The title of Tom Gauld's You're All Just Jealous of My Jet Pack, a collection of the Goliath artist's comic strips from The Guardian, comes from the punchline of one of his many gags about literature (you'll be hard-pressed to find another collection with half as many jokes about Charles Dickens as this one). A small circle of dull-looking people identified with an arrow as "Proper Literature" are  tut-tutting, while an astronaut with a rocket-shaped jet pack, shooting out fire, billowing black smoke and little star-shaped sparks, identified by arrow as "Science Fiction," diagnoses their problem with him (a comic strip is, of course, worth a thousand of my words; see above).

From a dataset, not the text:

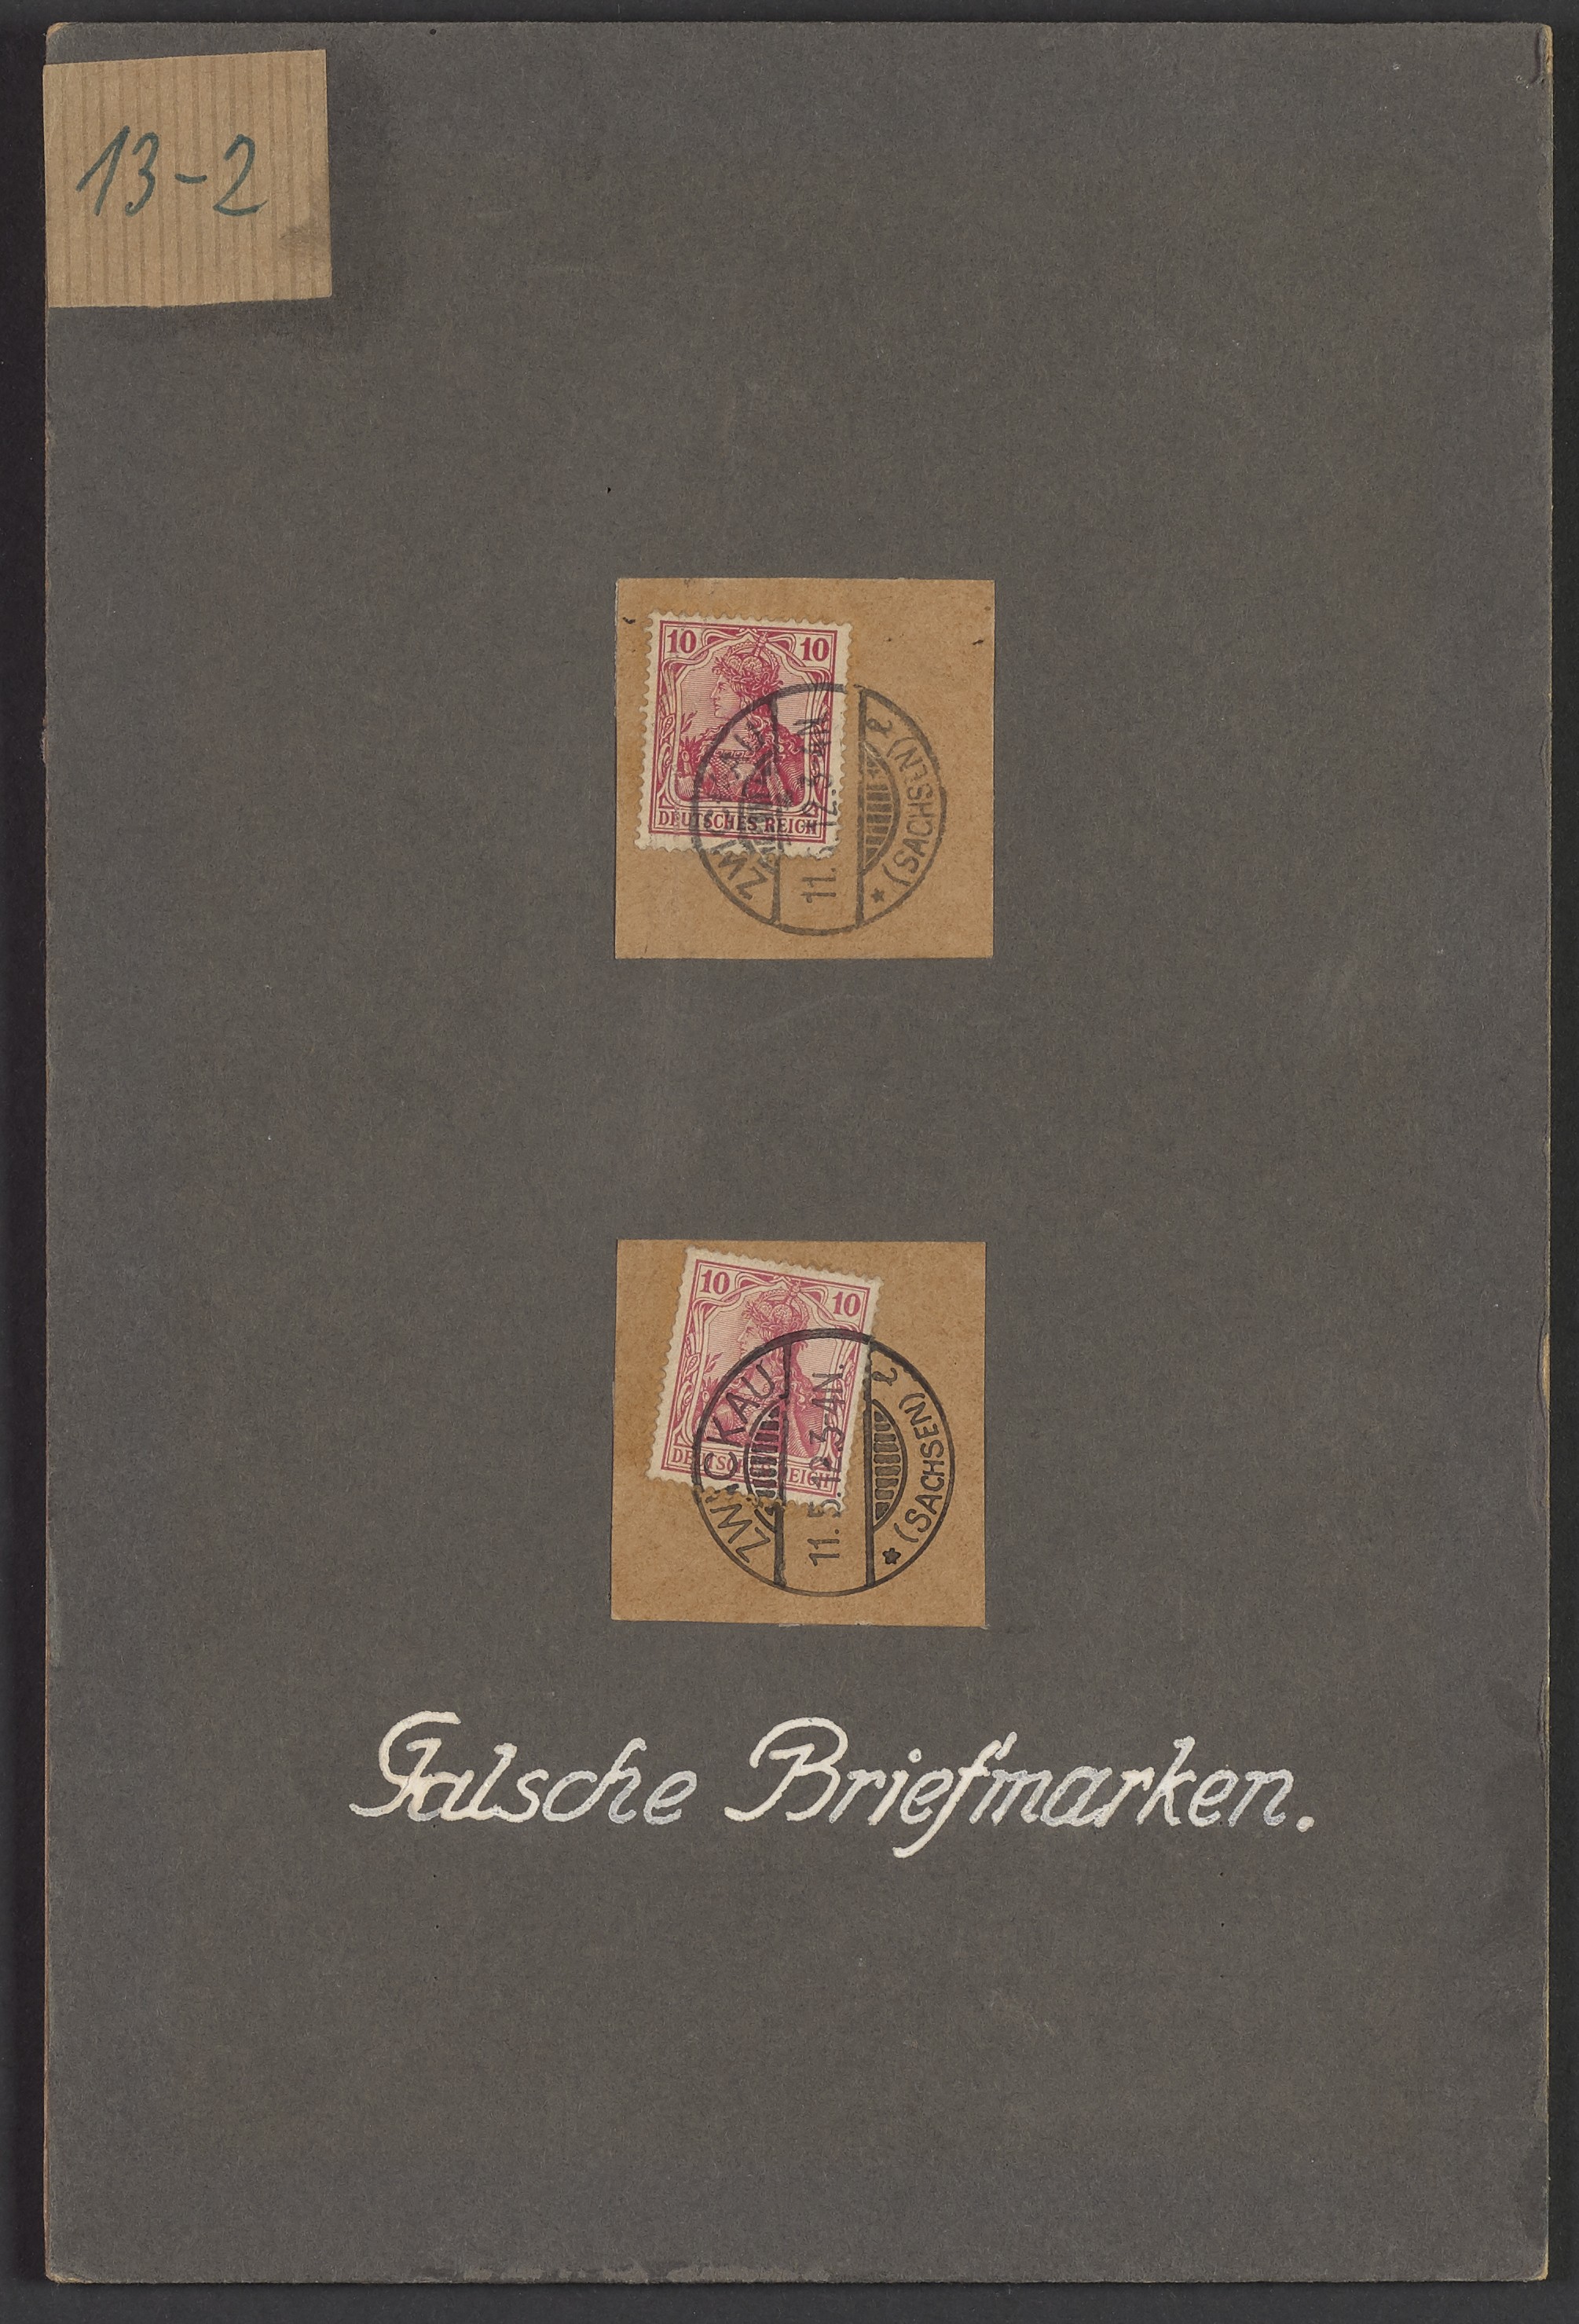 Lehrtafel "Falsche Briefmarken-10 RPfg" (Polizeidirektion Dresden  RR-F)

If sci-fi's great advantage over proper literature is its cool stuff, like jet packs, then comics' great advantage over prose is that we can not only imagine jet packs, but we also get to see what they might like look like as filtered through the imagination of an artist with a unique and compelling style. Someone like, oh, say, Tom Gauld.

Gauld's style is incredibly simple, abstracted down to such a point that it would fall somewhere to the right of stick figure and to the left of pictogram, but it's hardly simplistic — his people generally have perfectly round spheres atop slightly out-of-shape conical torsos, with parentheses-shaped arcs forming boneless, noodley arms and legs. They appear quite often in extreme long-shot, and as silhouettes, as the precise details of the figures generally aren't as important as what they are symbolizing.



In fact, their simplicity is quite often the source of the gag in the strip. For example, a strip titled "Book Cover Design Is Easy" is divided into eight panels, each featuring the same book with a differently colored cover, and the same, men's room sign-simple figure standing in the same place on each cover, slightly modified only to correspond to the genre of book. So that the romance book has him holding a large daisy, the cookery book has him holding a frying pan, and so on.

There's a great deal of visual acumen and solid, image-making craft on display in Gauld's strips, however. The minimalist artwork not only keeps clutter out of the way of the jokes, allowing for maximum effect, but it forces the reader into the position of collaborator to an extent that more realistic, more detailed artwork can't. One can't really lazily read Gauld's comics; they necessitate engagement, a dedicated level of participation that makes the reader more receptive to the jokes.

The downside is, of course, that when they fail to land, they crash loud and violently. But when they hit, which is a good 90-some percent of the time, they hit hard.

The jokes are mostly literary  and urbane, but in such a playful way that while there's a certain threshold of knowledge one needs, the very idea that someone is cracking jokes about Francis Bacon, the Bronte Sisters and Henry David Thoreau* is in and of itself funny (In a Venn diagram** comparing Gault's sense of humor to that of Kate Beaton, I think you'll find a noteworthy section of overlap).

Some are awfully obscure, like "An Ant Remembers the Making of 'Un Chien Andalou,'" and another that features an Old English word that necessitates an asterisk explaining it in the comic itself -- and, again, that very obscurity is in itself amusing.

The vast majority of the humor  and subject matter is, however, bookish, if not dealing with specific writers and genres, then in jokes about mediums and novels and scholarship and criticism and the history of the above and how changing times are affecting them. Plus jokes about robots, booze, time travel, jet packs and good old-fashioned slapstick.

It's a pretty intoxicating blend of highbrow and lowbrow humor, really; the former cut without just enough of the latter to keep it from being pretentious or off-putting. If one likes reading and if one is a writer or has spent any time in academia, then there's a lot of strips seemingly made especially for one (Many of these seem like they would be found on the bulletin boards and refrigerator doors in the staff rooms of college professors and librarians).

And if there's one thing that comics as a medium excels at, it's in mixing high and low together to come up with something unique. With Goliath, Gauld proved himself a great storyteller. With You're All Just Jealous of My Jetpack, he proves to be just as great a joke-teller.



* Plus lots of Shakespeare gags and, as I mentioned, a great deal of Dickens gags. Oh, and lots of jokes about being trapped in wells.

**There is also a pretty good Venn diagram joke in here.